Not so ESPN, which carried the first two rounds of play this year for the first time as Trevor Immelman won his first major event, well ahead of Woods.

ESPN’s Friday second-round coverage of the year’s first major PGA Tour event of the year drew 3 million households, 26 percent better than the 2.4 million who tuned in to USA last year.

That gave it the best viewership for a golf event in cable history.

ESPN also averaged a record 0.9 rating among adults 18-34, according to Nielsen.

It marked the best numbers ever for the Masters’ cable portion in those demographics.
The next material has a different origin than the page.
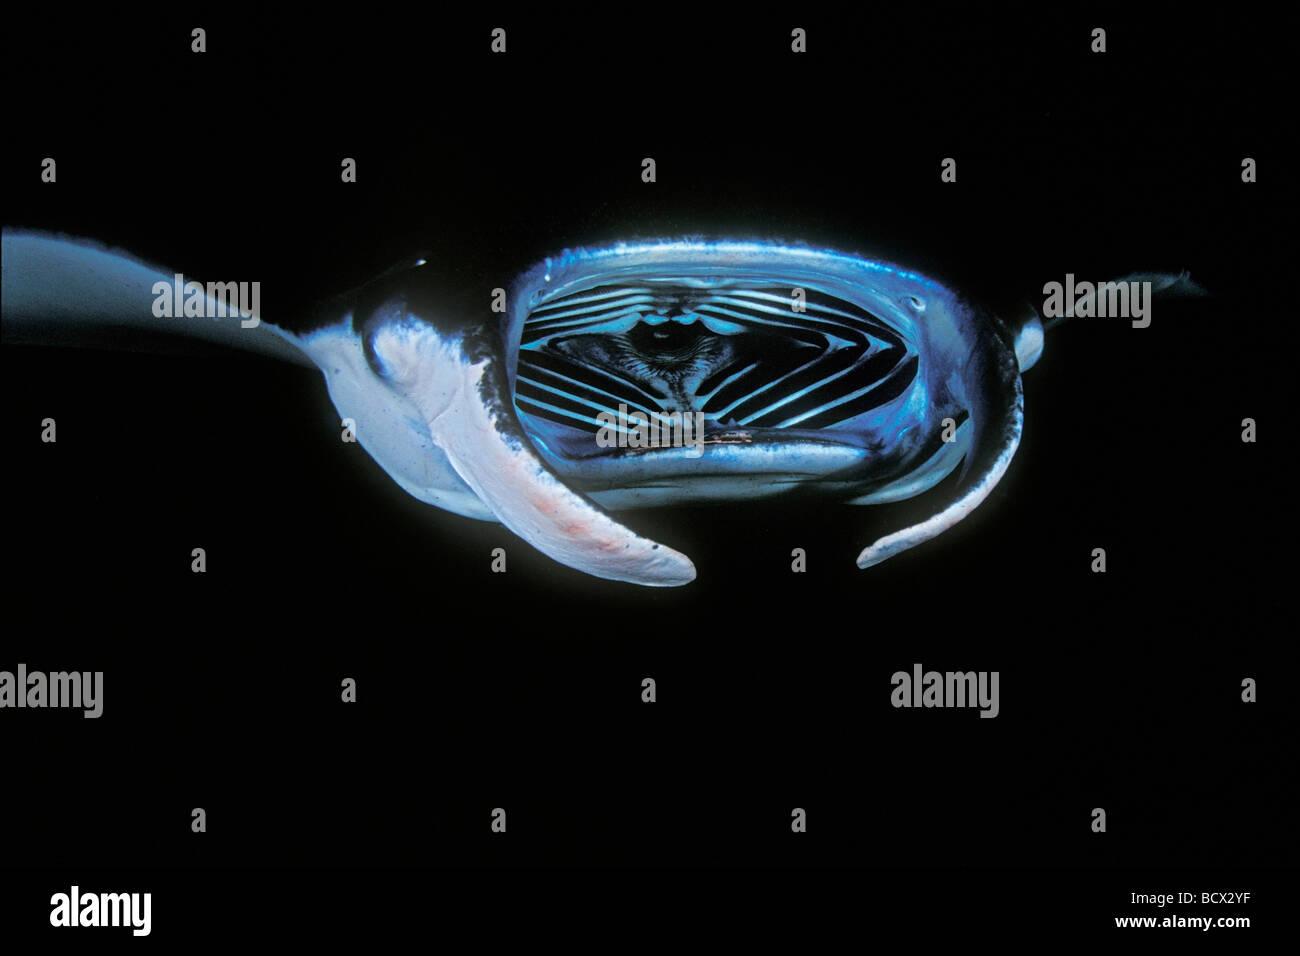 Les raies se nourrissant de plancton la nuit, Manta birostris, Hawaii, USA, Kona, Big Island, l'Océan Pacifique Photo Stock

Thursday’s first-round coverage, which like Friday aired from 4 to 7 p.m., averaged 2.08 million households.

That compares to a solid but unspectacular Masters on CBS. Saturday’s third-round coverage was even to last year at a 6.1 overnight household rating, and Sunday’s average slipped 2 percent from the previous year, from a 9.1 to an 8.9.
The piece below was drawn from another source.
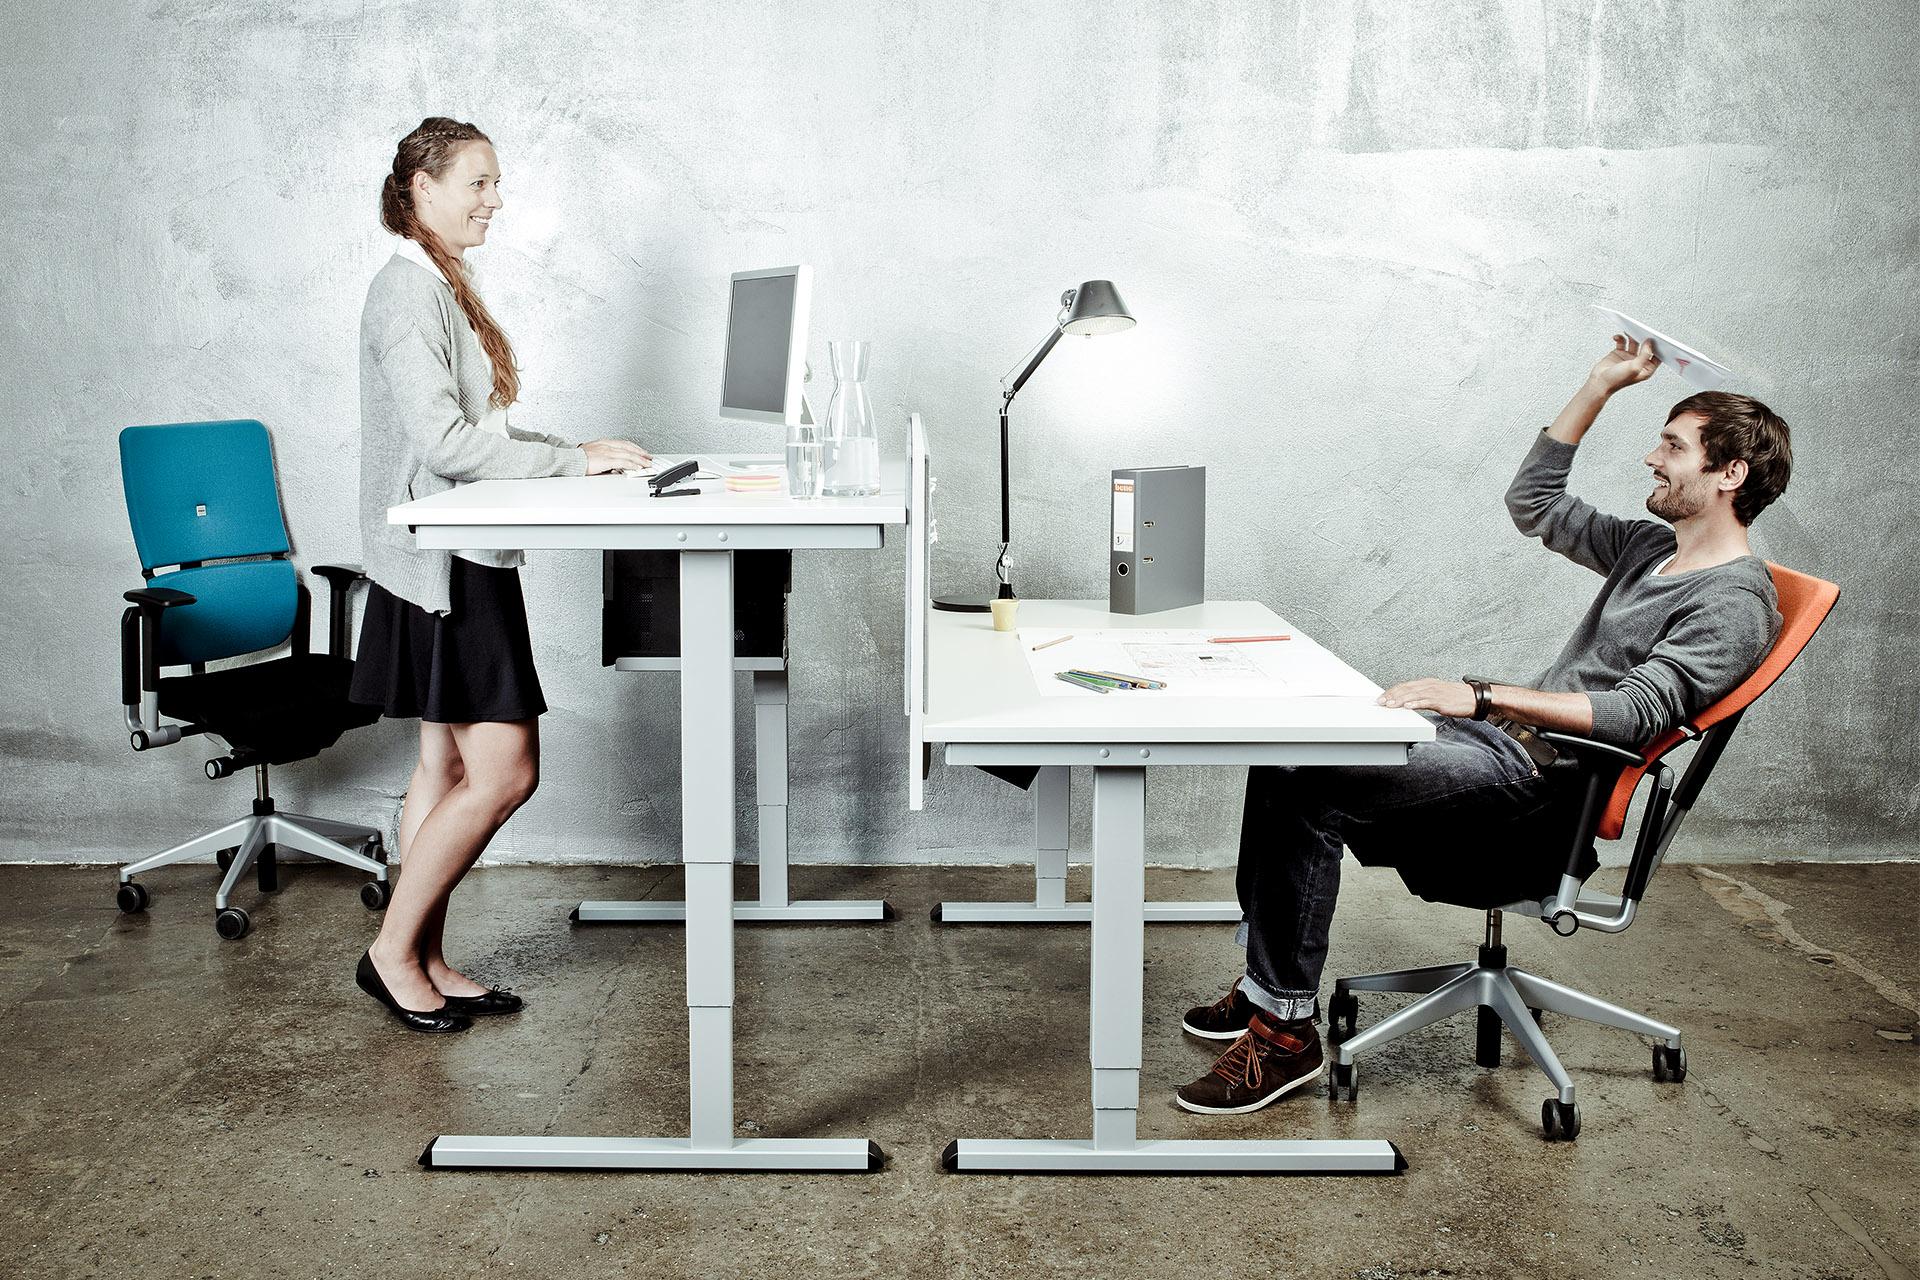 Produktfotografie - Bueroeinrichtung für die Messerle GmbH

Why such dramatically different showings?

Certainly Woods was one factor. Broadcast ratings tend to rise and fall depending on how Woods is playing.

Though Woods finished second for the second straight year, by Sunday he was no longer in serious contention, with Immelman having zoomed out to a large lead.

Woods fared little better on Saturday, when he trailed by six strokes and was in fifth place by the end of play.

But ESPN wasn’t hurt by the Tiger factor because it wasn't nearly as dependent on it to draw in viewers as a dedicated sports network. Many of its viewers were going to watch regardless.

If anything, the Masters probably benefited by switching to a sports-only network from USA, which while having a huge audience rarely shows sporting events outside of the Masters.

But more important was the heavy promotion ESPN put behind the event.

On every “SportsCenter” preview story or ESPNews update, there was a mention that the Masters was being carried by ESPN for the first time.

The network also televised the pre-Masters Par 3 Contest, which always gets lots of newspaper attention but had never aired on TV before, getting viewers excited about the coming tournament.

Finally, the Masters’ growing digital presence likely helped ESPN’s ratings.

The network had web rights to the tourney last year as well, but this year viewing of Masters-related web video shot up 117 percent compared with last year, and ESPN’s video podcast became the top sports podcast on iTunes for the full four-day event.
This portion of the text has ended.